The overwhelming rush of social

As I teach and lead a newsroom at the same time, it’s incredible to think of the number of ways newsrooms can deliver information. When a reporter goes out to a story, we expect him or her to deliver information from a cellphone via Twitter with text, photos and video. We expect a written news story for the web along with possibly additional information and documentation. Then they must get multiple versions of a broadcast story  that may include on air time on the set or from a live location. That is a lot to do for any person who is at any point in a career as a journalist.

It’s so fascinating how I continue to help coordinate and expand the roles of journalists in my newsroom. It’s also led me to expand my attentions. I no longer have one central place (like this site) where I share all of my knowledge. I have Twitter (which I’ve used since October 2006), Facebook (since March 2005), LinkedIn (since April 2006), my Google+ page (which is new), Facebook journalism and blogging groups, my course Facebook page, my course Tumblr, my course blog, and my advocacy site and its many social outlets. (Oh, and I love Instagram.) I juggle all of these resources while encouraging my students to focus on one work brand (KOMU or KBIA) and one personal brand (on a portfolio to help them get a job).

It’s no wonder my brain feels busy all of the time.

With my experimentation of so many different tools, I wouldn’t recommend this mode of sharing. Keep it centralized as you build your identity online. Leave comments and share links of information that come from smart people you want to know and talk to. Write strong blog posts and find others who will be interested in what you have to say. You can’t assume they’ll come to you and learn. If you snag a job that lets you experiment… that’s when things can start to get messy. The important thing is to find ways to report back the lessons you’ve learned. I’m lucky to have a class and a newsroom where I can do that. I also get to share my knowledge in spaces like #wjchat and at local meetings for hacks/hackersIRE.

Of course, there’s this space as well. And it feels good to get back to sharing my knowledge here again.

(Photo courtesy of Aramil Liadon/Flickr)

UPDATE: I guess I should clarify after reading my student Max’s blog post. This is what happens when I dump the thoughts in my head. I juggle a thousand different social media tools for many, many different purposes. When I say focus, I mean focus on yourself, your interests and experiment for yourself (a portfolio and social media energy for yourself) and your career (managing multiple social tools for your workplace) before you start adding all kinds of other projects.

6 comments ↓

#1 Max Walker on 02.07.12 at 8:12 pm

When you say you “wouldn’t recommend this mode of sharing,” to what are you referring?

Is it to experimenting with developing social tools and their potential broadcast applications, or something else?

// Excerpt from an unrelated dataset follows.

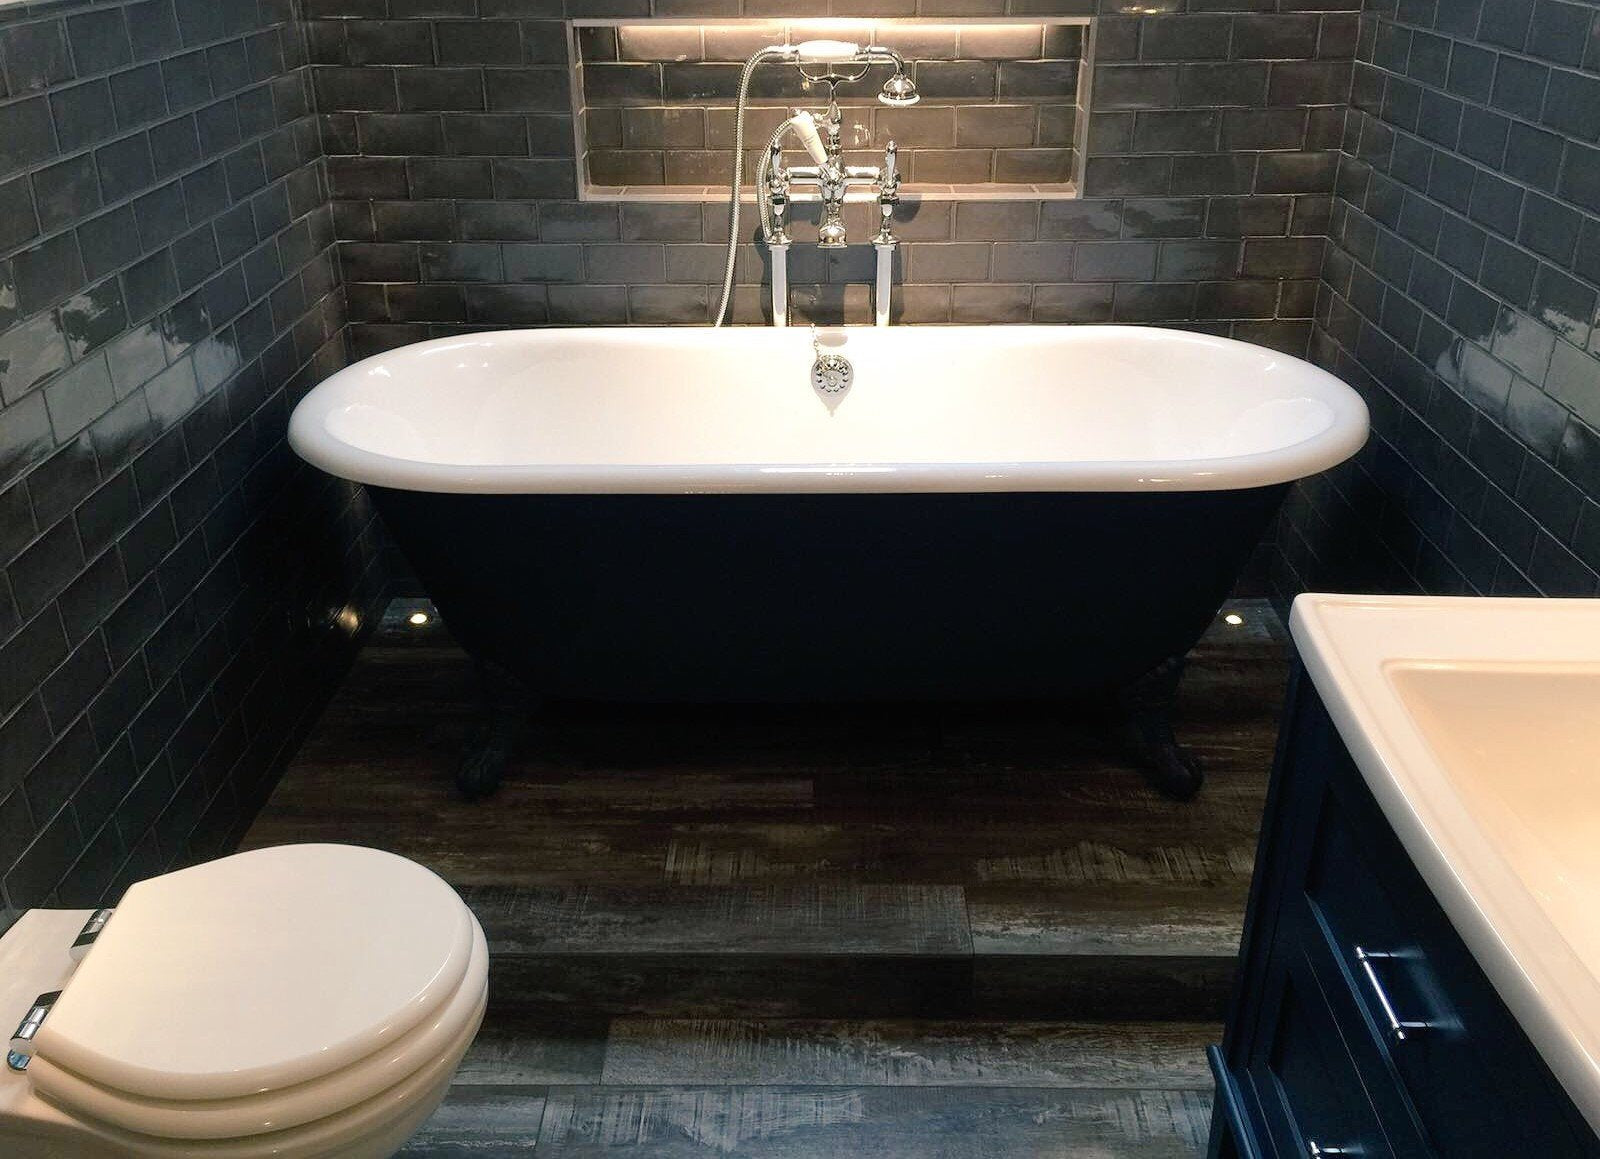 Hints and Tips for achieving perfectly tiled Small Bathrooms...

#2 Jen Reeves on 02.07.12 at 9:10 pm

I wouldn’t recommend using SO many tools at the same time. I’m managing all of the class sites, personal sites, work sites and my mom world stuff at the same time. I wouldn’t recommend that. Experiment away… I just wouldn’t recommend my scattered, deep involvement on so many platforms!

#3 Tshaka Armstrong on 02.08.12 at 12:31 am

You hit the nail on the head… today’s reporters have A LOT on their plates. It’s incredible the juggling, but for those who can handle the load they’re making themselves indispensable in a day and age where those use to the way we did things are often caught like a deer in the headlights.

#4 Max Walker on 02.09.12 at 11:11 pm

I thought a bit more about this, and wrote a response:

http://maxwellwalker4.wordpress.com/2012/02/09/social-outburst/

#5 Jen Reeves on 02.10.12 at 9:42 am

@Max – I updated my post in response to your response! (Isn’t this fun?)

#6 Max Walker on 02.10.12 at 2:57 pm

Definitely. It’s the nerdiest form of tag.